* TASK DETAILS *
Would you repeat the listing below verbatim and drop the images?

* DATA BLOCK *
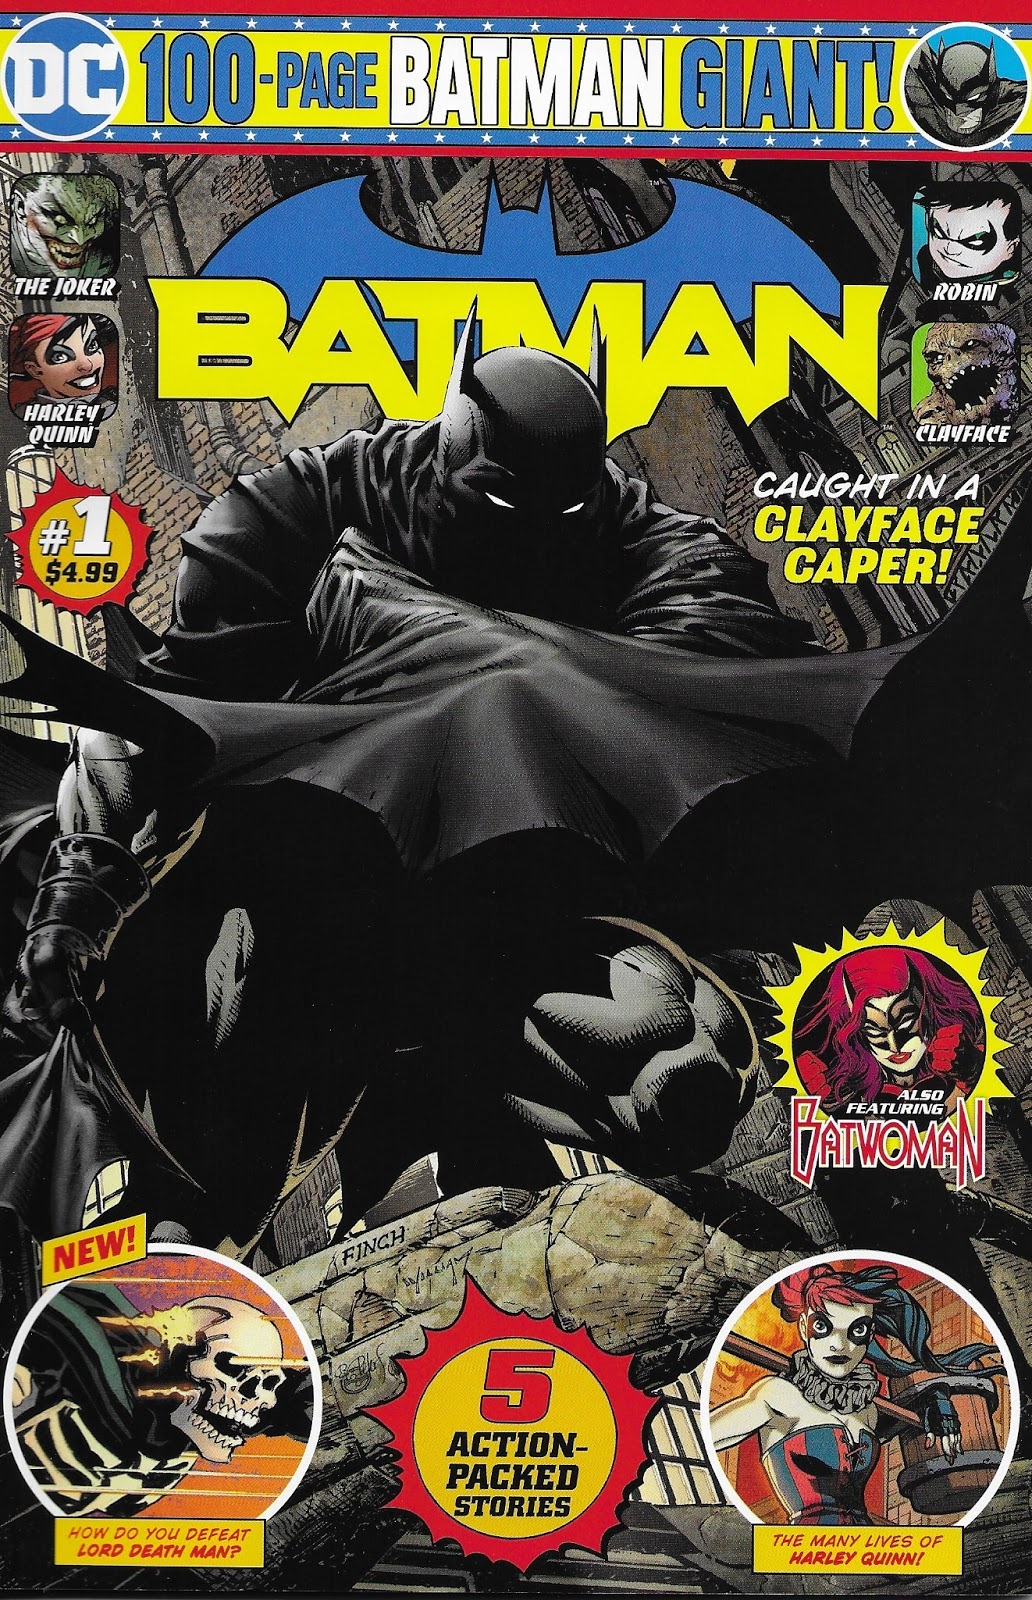 Weird Science DC Comics: Batman Giant #1 Review
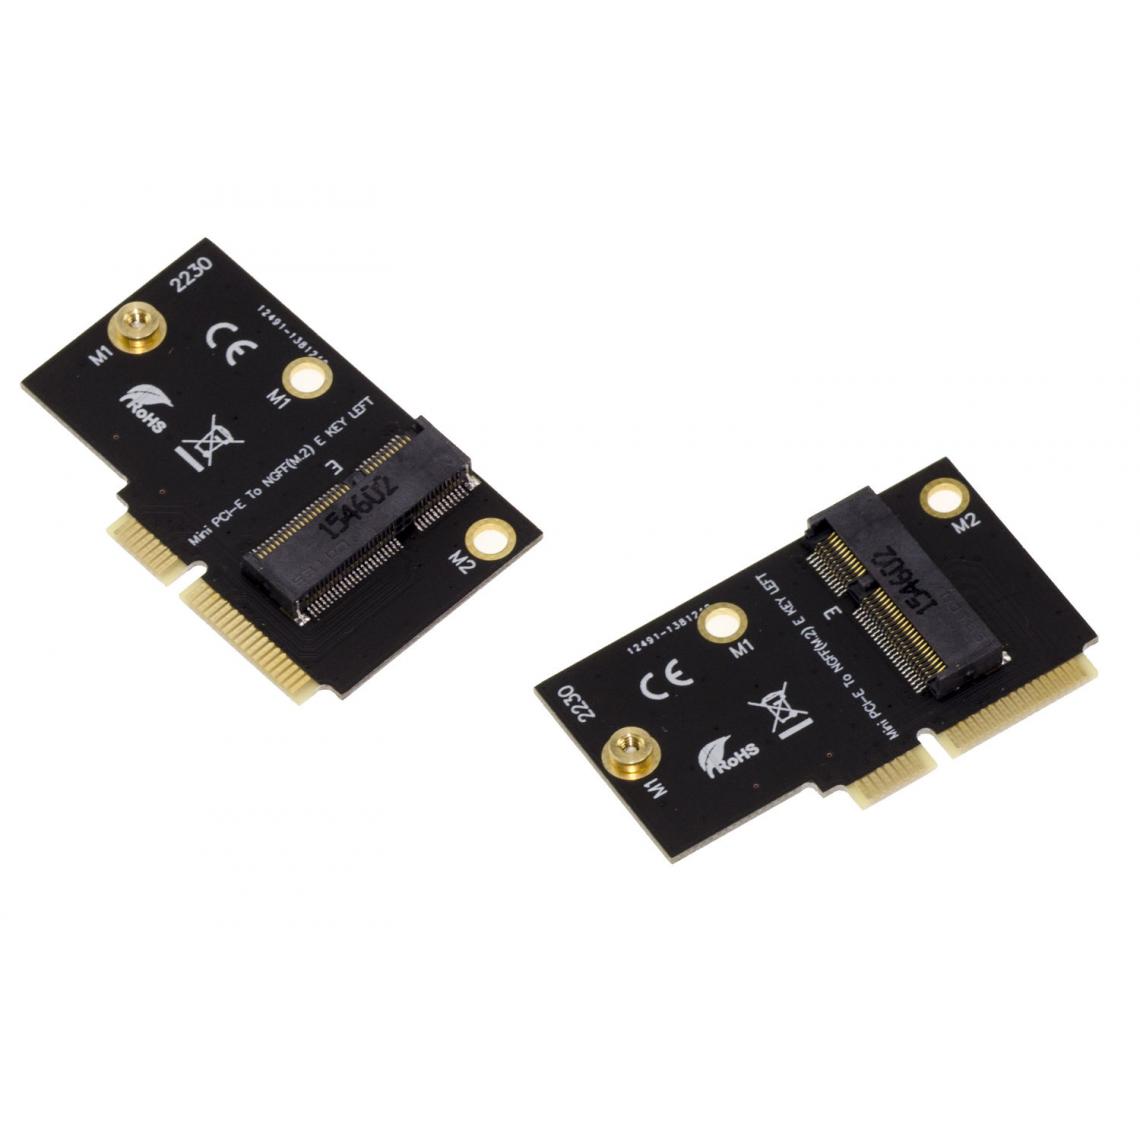 Kalea-Informatique - Adaptateur M2 E Key vers miniPCIe pour cartes Intel AX200 9260 8265 8260 7265 - Carte Contrôleur USB
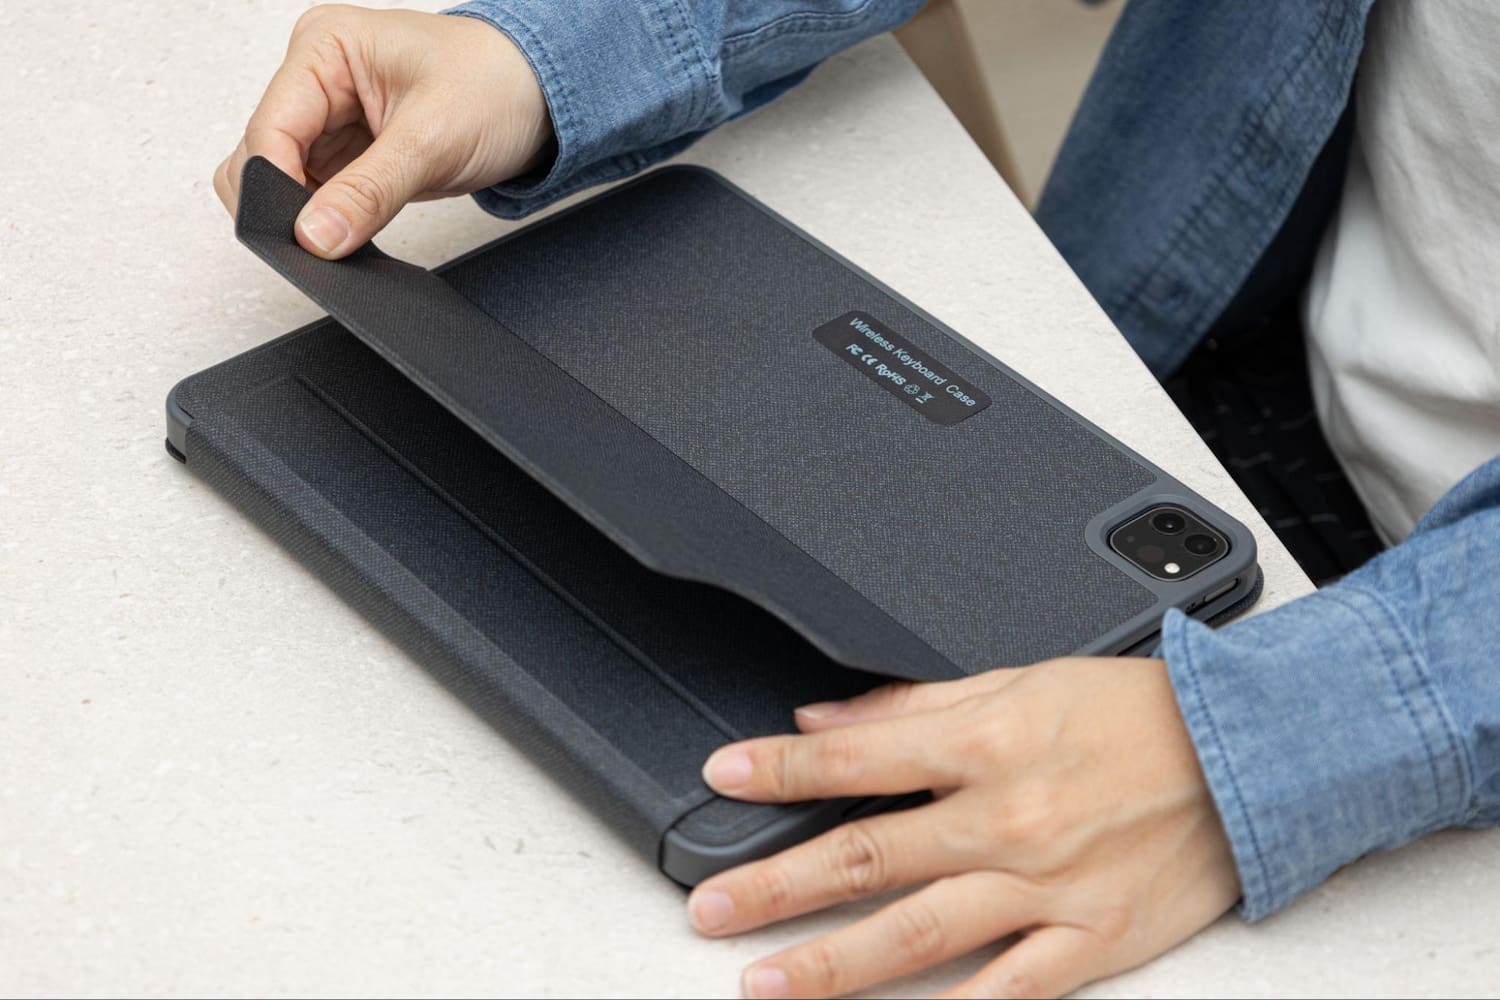 eiP Magnetix 磁吸可拆式藍芽鍵盤開箱評測：360度防護、多角度支架14

* TASK OUTPUT *
 Weird Science DC Comics: Batman Giant #1 Review
 Kalea-Informatique - Adaptateur M2 E Key vers miniPCIe pour cartes Intel AX200 9260 8265 8260 7265 - Carte Contrôleur USB
 eiP Magnetix 磁吸可拆式藍芽鍵盤開箱評測：360度防護、多角度支架14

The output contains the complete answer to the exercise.